Now we create a new “Process” action. Right-click the “Actions” container, select “Add” and enter a descriptive name (e.g. “Trigger Super Important App”). In the Filename field specify:


And for the Command Line Arguments enter:

/Run /TN “Start Super Important App”

This uses the built-in Microsoft utility schtasks.exe to run the task we created in our first step. At this point EventSentry will monitor the specified process and log an event if the process is inactive. And while we do have an action to trigger the scheduled task, we still need to tell EventSentry when to launch that action.

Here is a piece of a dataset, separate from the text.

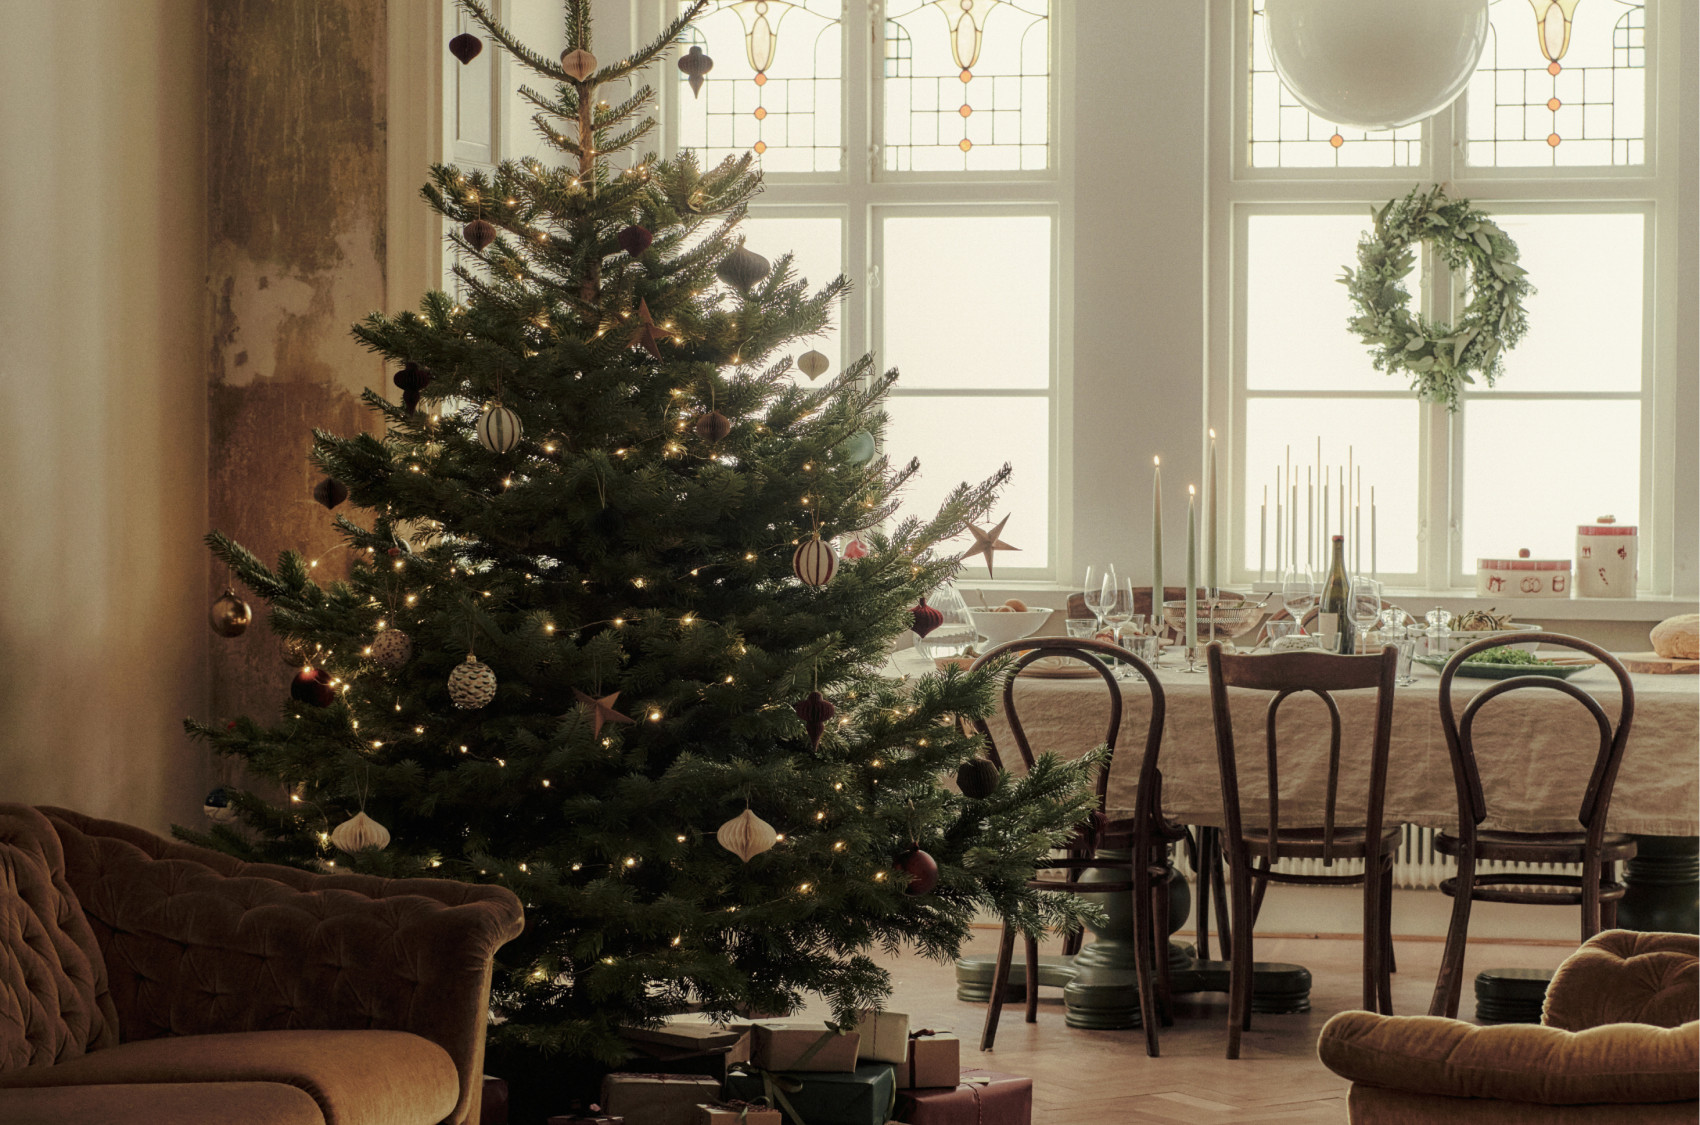 How to prep your home for Christmas

EventSentry Process Action
Configuring a process action to start a scheduled task

For the next step, right-click the “Event Logs” container, select “Add Package” and give that package a descriptive name. Then assign the package to the same host. Right-click the newly added package and add a filter by clicking “Add Filter”. In the filter dialog, add the “ Trigger Super Important App” action to the action list and configure the following fields:

Event Log Include Filter Rule
Setting up a rule to trigger the process action

Event Severity: Information
Event Log: Application
Event Source: EventSentry
Category: Process Monitoring
Event ID: 10401
Content Filter (wildcard): *critical_app.exe*

Important Notes: The event severity will need to match whichever severity you selected when adding the process monitoring object in the system health package. The content filter can also be configured to match insertion string #1, in which case the wildcards are not necessary.

And that’s all there’s to it, simply save the configuration when you are done. If the process is running on a remote host then don’t forget to push the configuration to that host.